## Dataset records:
---
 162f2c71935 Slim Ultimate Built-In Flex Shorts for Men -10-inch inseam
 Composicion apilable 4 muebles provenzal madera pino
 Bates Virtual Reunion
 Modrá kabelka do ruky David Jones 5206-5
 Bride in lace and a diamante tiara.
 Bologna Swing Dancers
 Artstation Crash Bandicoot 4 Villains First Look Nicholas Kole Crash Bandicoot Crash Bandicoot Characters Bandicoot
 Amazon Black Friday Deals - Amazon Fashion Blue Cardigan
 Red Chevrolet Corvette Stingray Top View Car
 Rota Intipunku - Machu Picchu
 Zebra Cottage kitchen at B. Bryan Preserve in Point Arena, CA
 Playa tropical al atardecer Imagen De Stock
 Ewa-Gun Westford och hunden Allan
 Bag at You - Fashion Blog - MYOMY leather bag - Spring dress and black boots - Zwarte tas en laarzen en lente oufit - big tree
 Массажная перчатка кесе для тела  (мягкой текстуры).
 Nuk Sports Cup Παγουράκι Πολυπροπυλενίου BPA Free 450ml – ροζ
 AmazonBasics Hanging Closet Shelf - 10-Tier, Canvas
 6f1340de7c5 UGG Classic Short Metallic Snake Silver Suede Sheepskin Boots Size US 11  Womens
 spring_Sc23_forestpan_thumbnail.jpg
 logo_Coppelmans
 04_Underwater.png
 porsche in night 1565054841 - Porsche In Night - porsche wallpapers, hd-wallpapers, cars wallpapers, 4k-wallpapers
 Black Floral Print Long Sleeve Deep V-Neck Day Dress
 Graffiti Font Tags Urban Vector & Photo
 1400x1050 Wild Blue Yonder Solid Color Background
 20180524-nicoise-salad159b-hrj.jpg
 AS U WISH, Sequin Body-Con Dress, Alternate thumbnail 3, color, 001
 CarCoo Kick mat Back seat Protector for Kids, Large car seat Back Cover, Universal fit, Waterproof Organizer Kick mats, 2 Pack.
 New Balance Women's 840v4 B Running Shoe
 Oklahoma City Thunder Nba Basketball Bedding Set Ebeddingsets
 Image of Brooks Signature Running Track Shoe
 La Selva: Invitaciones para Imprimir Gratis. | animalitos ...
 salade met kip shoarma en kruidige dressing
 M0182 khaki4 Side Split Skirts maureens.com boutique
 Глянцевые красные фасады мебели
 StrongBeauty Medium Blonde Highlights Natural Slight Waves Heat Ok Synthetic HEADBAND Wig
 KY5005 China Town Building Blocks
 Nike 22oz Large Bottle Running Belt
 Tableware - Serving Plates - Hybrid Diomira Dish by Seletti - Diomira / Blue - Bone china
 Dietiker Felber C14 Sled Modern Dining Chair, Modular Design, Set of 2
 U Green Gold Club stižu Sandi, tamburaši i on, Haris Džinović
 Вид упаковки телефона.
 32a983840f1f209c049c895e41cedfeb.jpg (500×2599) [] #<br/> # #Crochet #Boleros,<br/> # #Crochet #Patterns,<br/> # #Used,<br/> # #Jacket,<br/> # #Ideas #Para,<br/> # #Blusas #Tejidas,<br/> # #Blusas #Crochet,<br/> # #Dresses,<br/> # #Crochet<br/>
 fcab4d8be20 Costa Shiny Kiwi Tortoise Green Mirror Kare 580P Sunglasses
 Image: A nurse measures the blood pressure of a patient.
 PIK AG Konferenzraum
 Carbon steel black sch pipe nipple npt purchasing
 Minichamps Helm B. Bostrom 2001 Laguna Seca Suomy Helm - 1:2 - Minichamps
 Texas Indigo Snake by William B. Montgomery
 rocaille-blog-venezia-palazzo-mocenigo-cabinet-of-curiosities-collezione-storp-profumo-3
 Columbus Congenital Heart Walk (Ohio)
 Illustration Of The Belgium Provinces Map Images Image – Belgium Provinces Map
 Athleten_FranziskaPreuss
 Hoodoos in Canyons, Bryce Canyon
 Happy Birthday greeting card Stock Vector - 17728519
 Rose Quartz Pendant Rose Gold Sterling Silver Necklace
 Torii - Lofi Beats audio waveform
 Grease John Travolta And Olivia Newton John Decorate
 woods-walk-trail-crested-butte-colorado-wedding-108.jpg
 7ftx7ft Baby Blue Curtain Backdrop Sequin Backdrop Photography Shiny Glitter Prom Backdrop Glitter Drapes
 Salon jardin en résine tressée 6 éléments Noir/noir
---
Keeping every character as it is, restate the lines above that run from the line with "Вид упаковки телефона." through the line with "PIK AG Konferenzraum", both included, and nothing else.

## Solved problem:
 Вид упаковки телефона.
 32a983840f1f209c049c895e41cedfeb.jpg (500×2599) [] #<br/> # #Crochet #Boleros,<br/> # #Crochet #Patterns,<br/> # #Used,<br/> # #Jacket,<br/> # #Ideas #Para,<br/> # #Blusas #Tejidas,<br/> # #Blusas #Crochet,<br/> # #Dresses,<br/> # #Crochet<br/>
 fcab4d8be20 Costa Shiny Kiwi Tortoise Green Mirror Kare 580P Sunglasses
 Image: A nurse measures the blood pressure of a patient.
 PIK AG Konferenzraum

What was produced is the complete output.